BRIEF: Nothing but the lines from the one with "Model Name / Style: Twilly scarf" through the last line of the data should be restated, each word for word.

Stored dataset items:
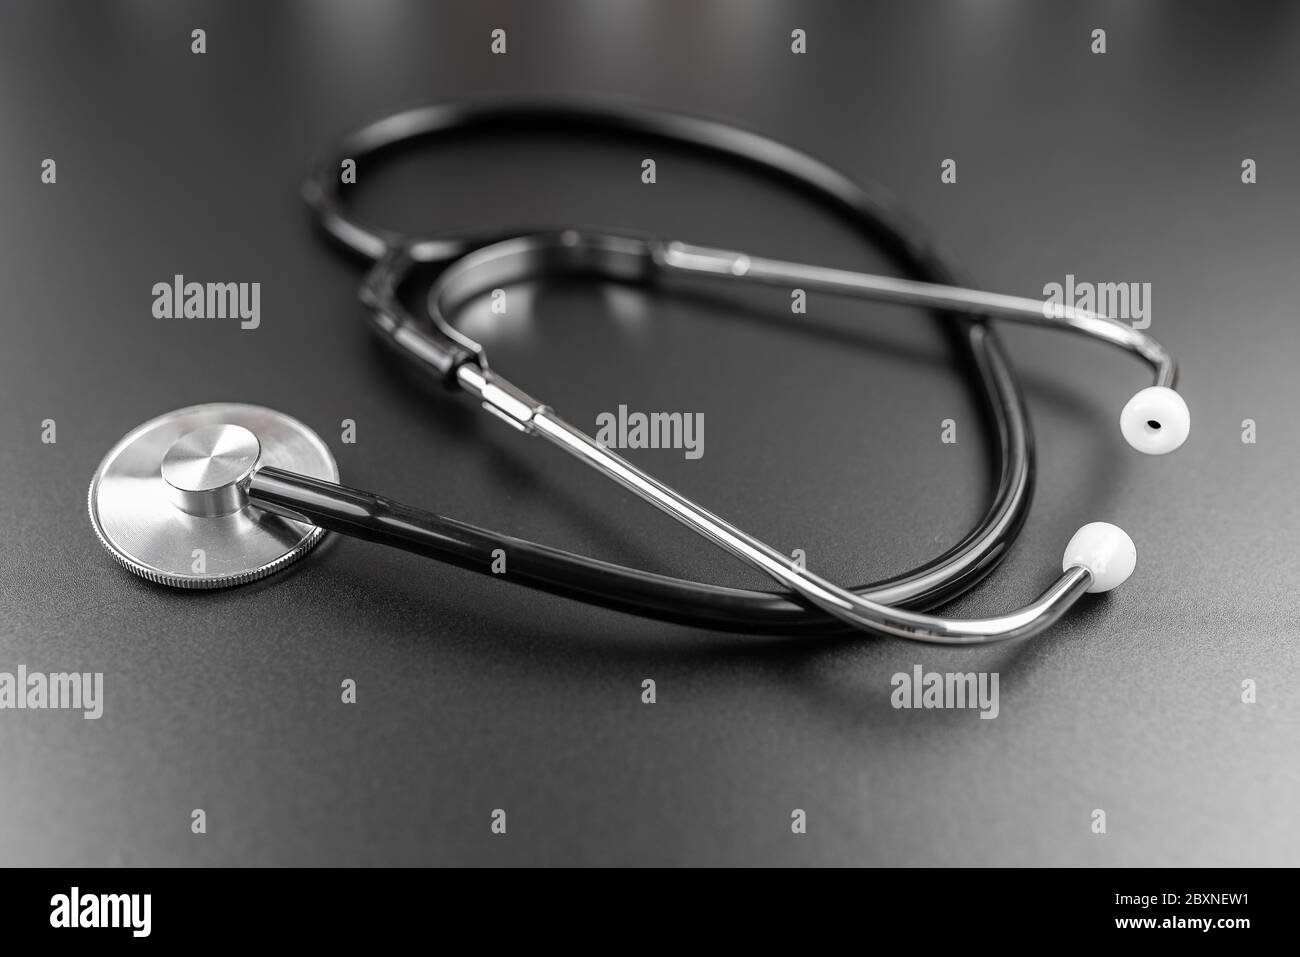 close-up of stethoscope on dark table background, medical examination and diagnosis concept Stock Photo
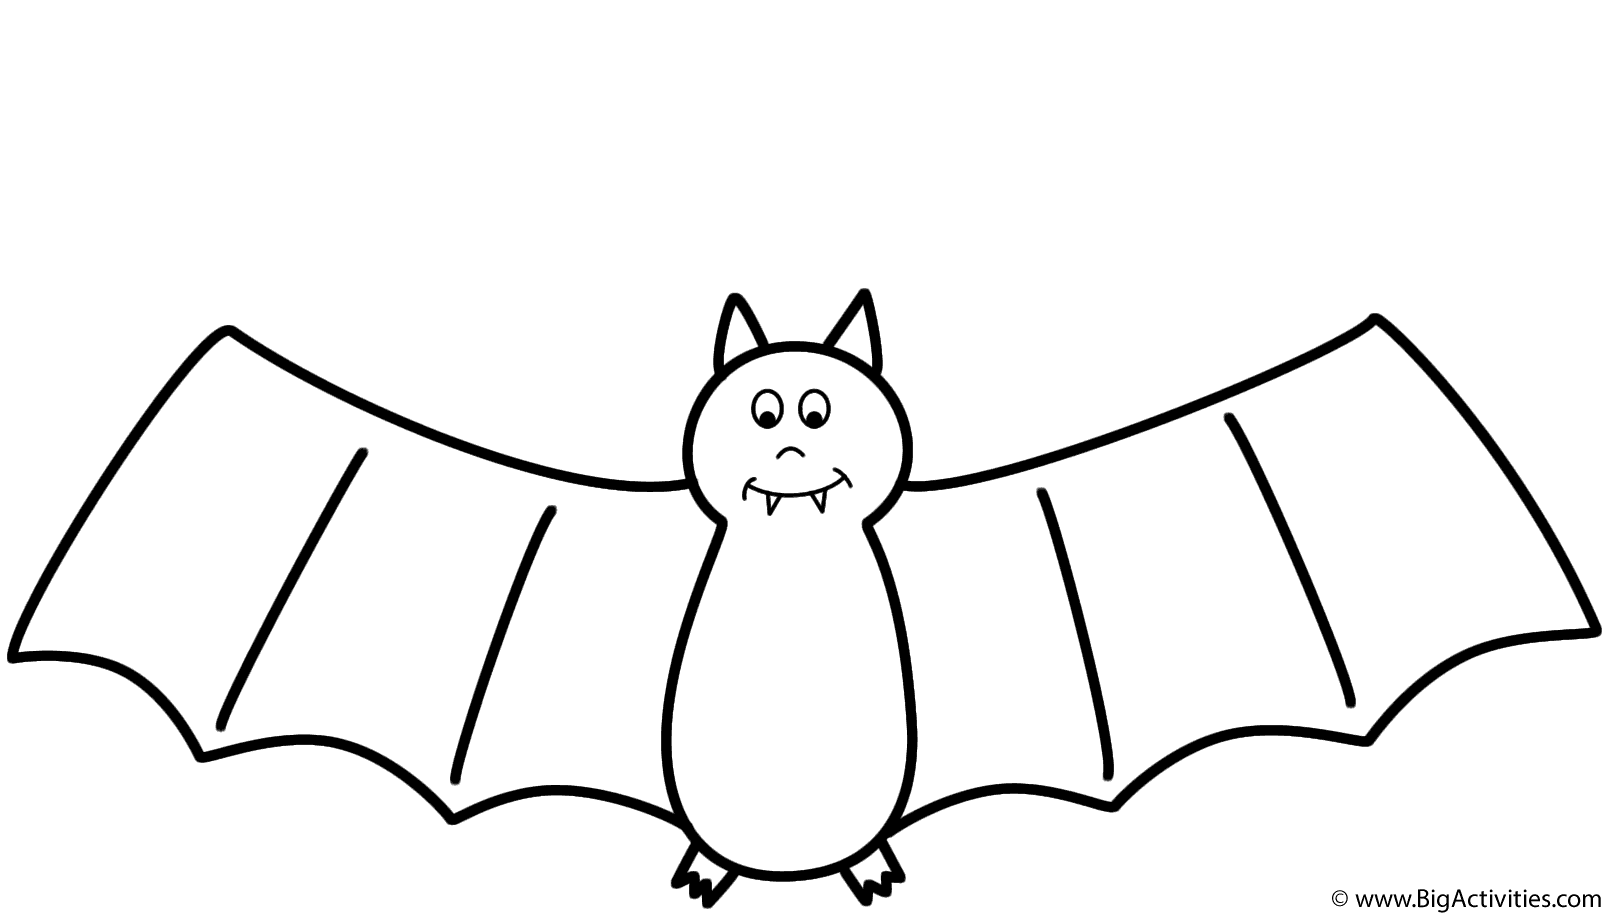 Bat - Coloring Page (Halloween)
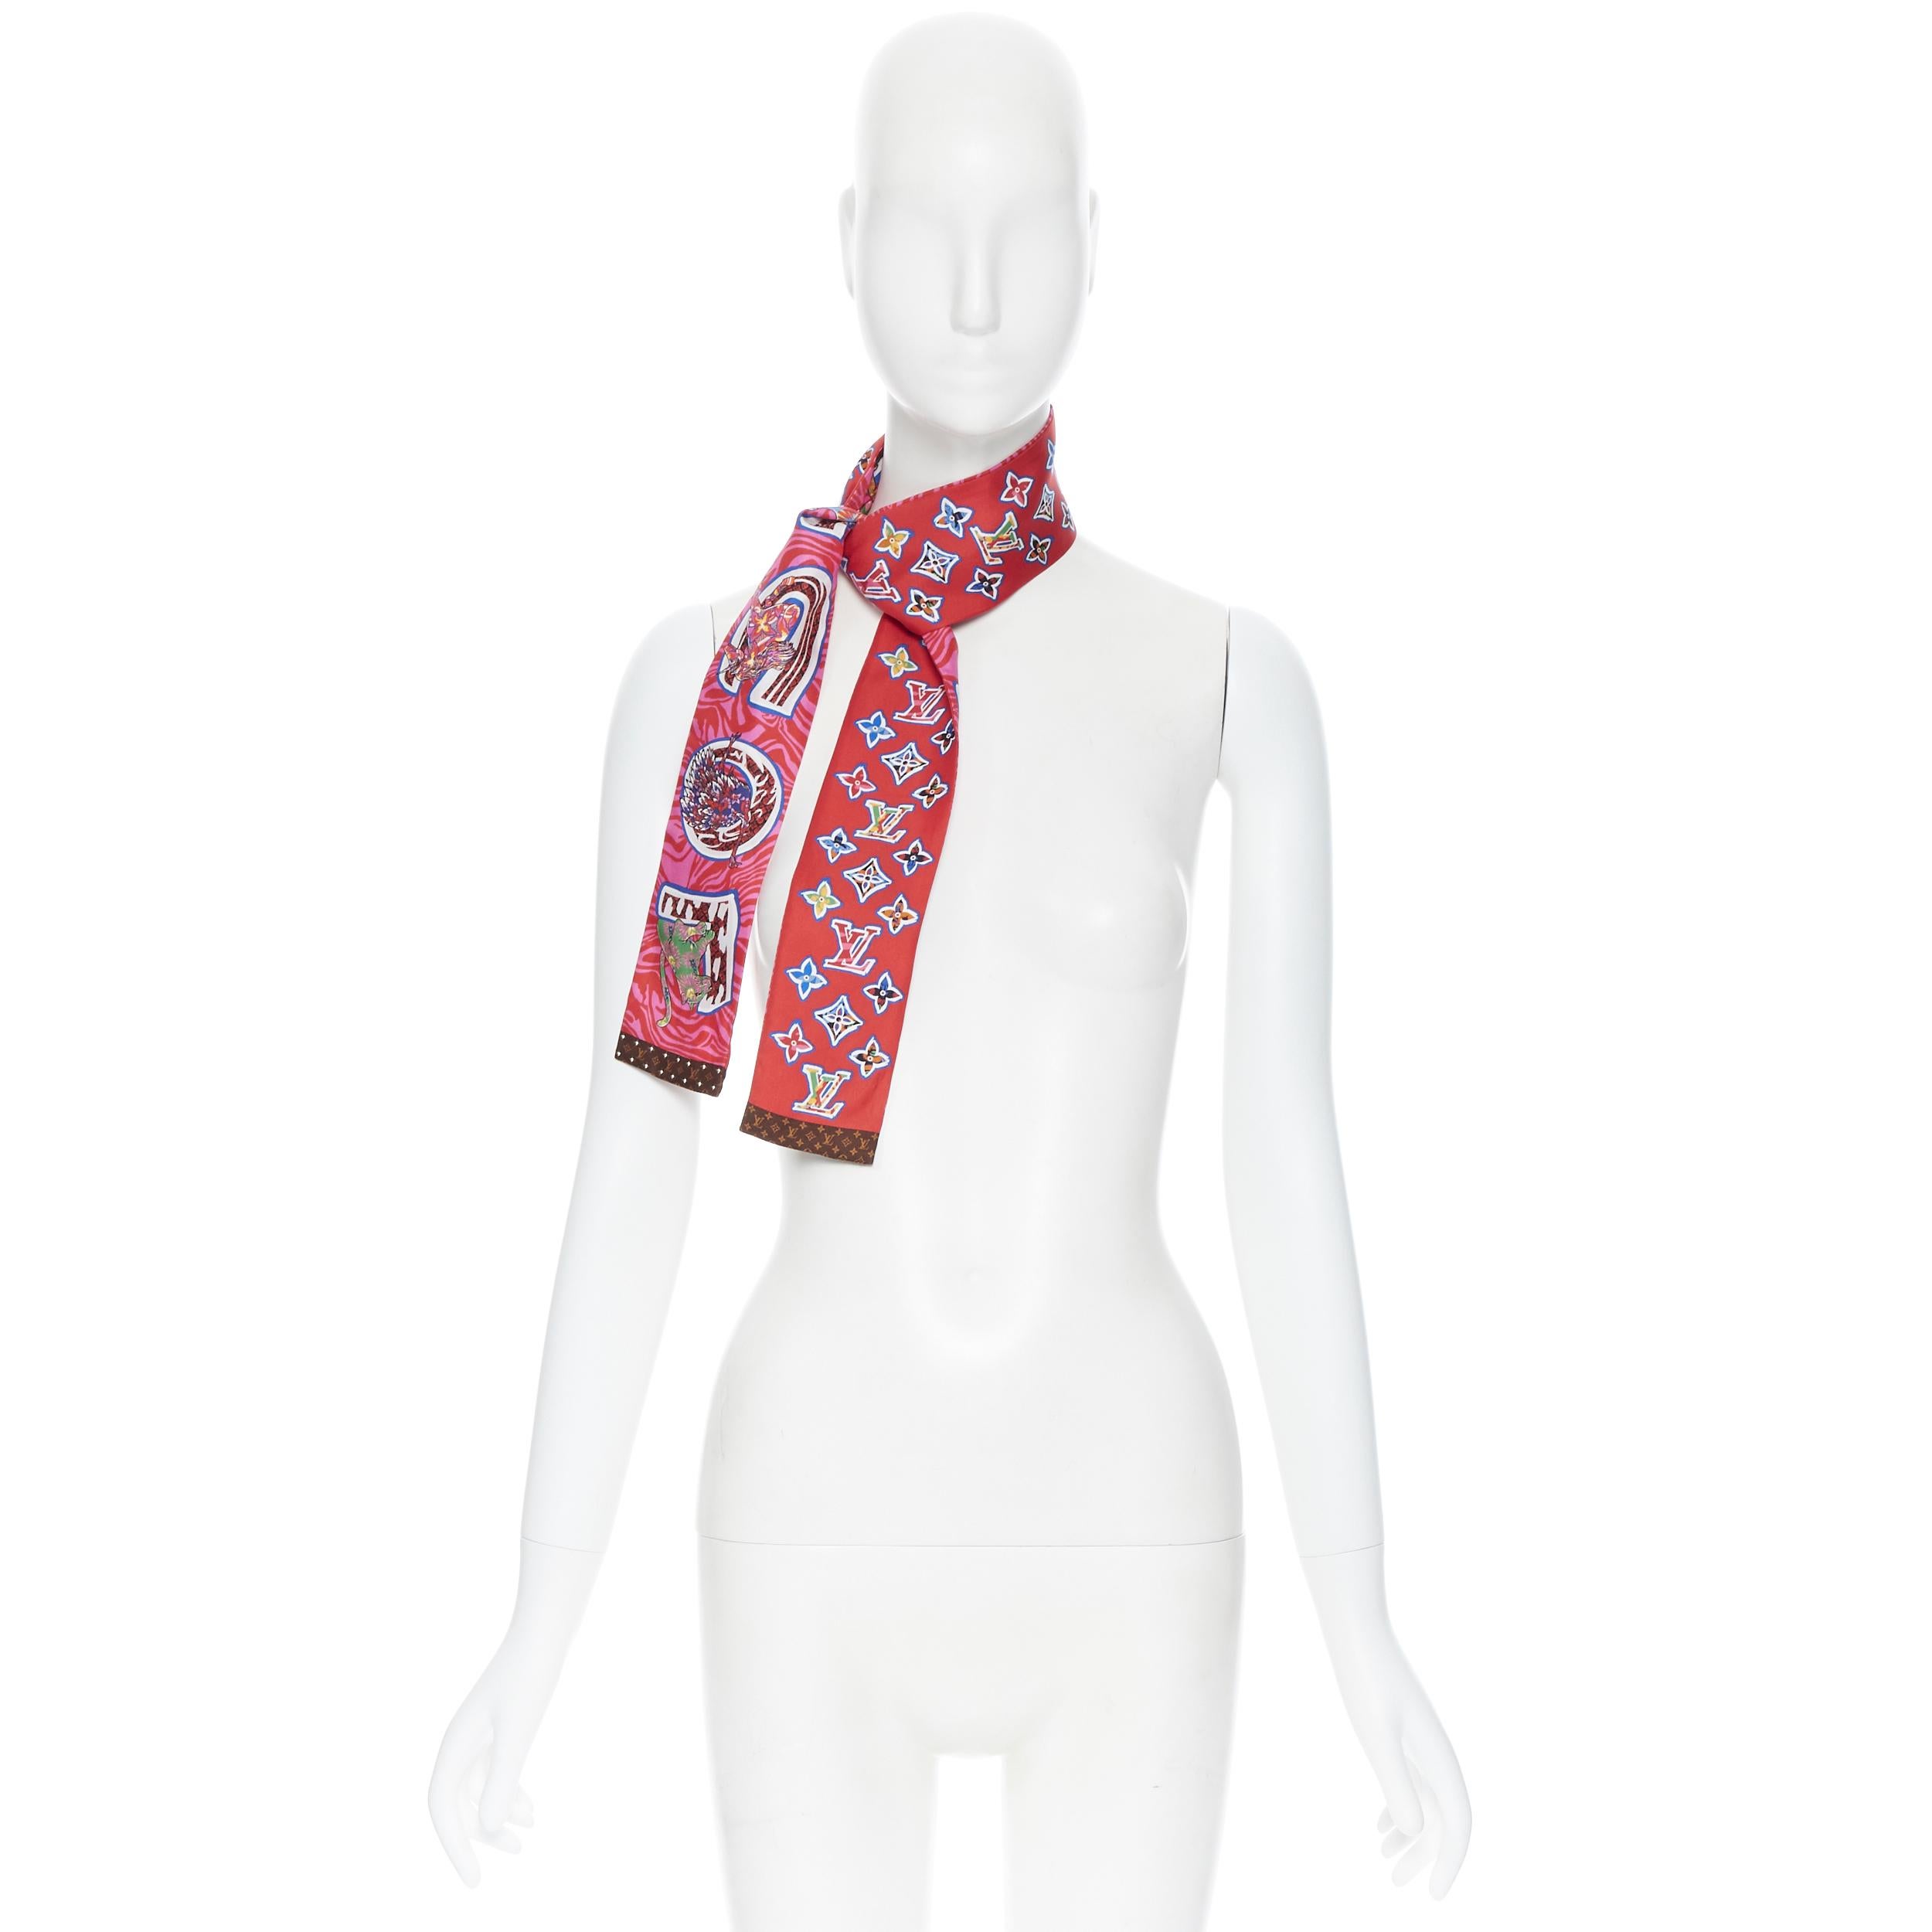 LOUIS VUITTON 100% silk red monogram animal print studded twilly neck scarf 
Brand: Louis Vuitton
Model Name / Style: Twilly scarf
Material: Silk
Color: Red
Pattern: Floral
Extra Detail: Twilly scarf. Studded ends.
Made in: Italy

CONDITION:

TASK ANSWER:
Model Name / Style: Twilly scarf
Material: Silk
Color: Red
Pattern: Floral
Extra Detail: Twilly scarf. Studded ends.
Made in: Italy

CONDITION:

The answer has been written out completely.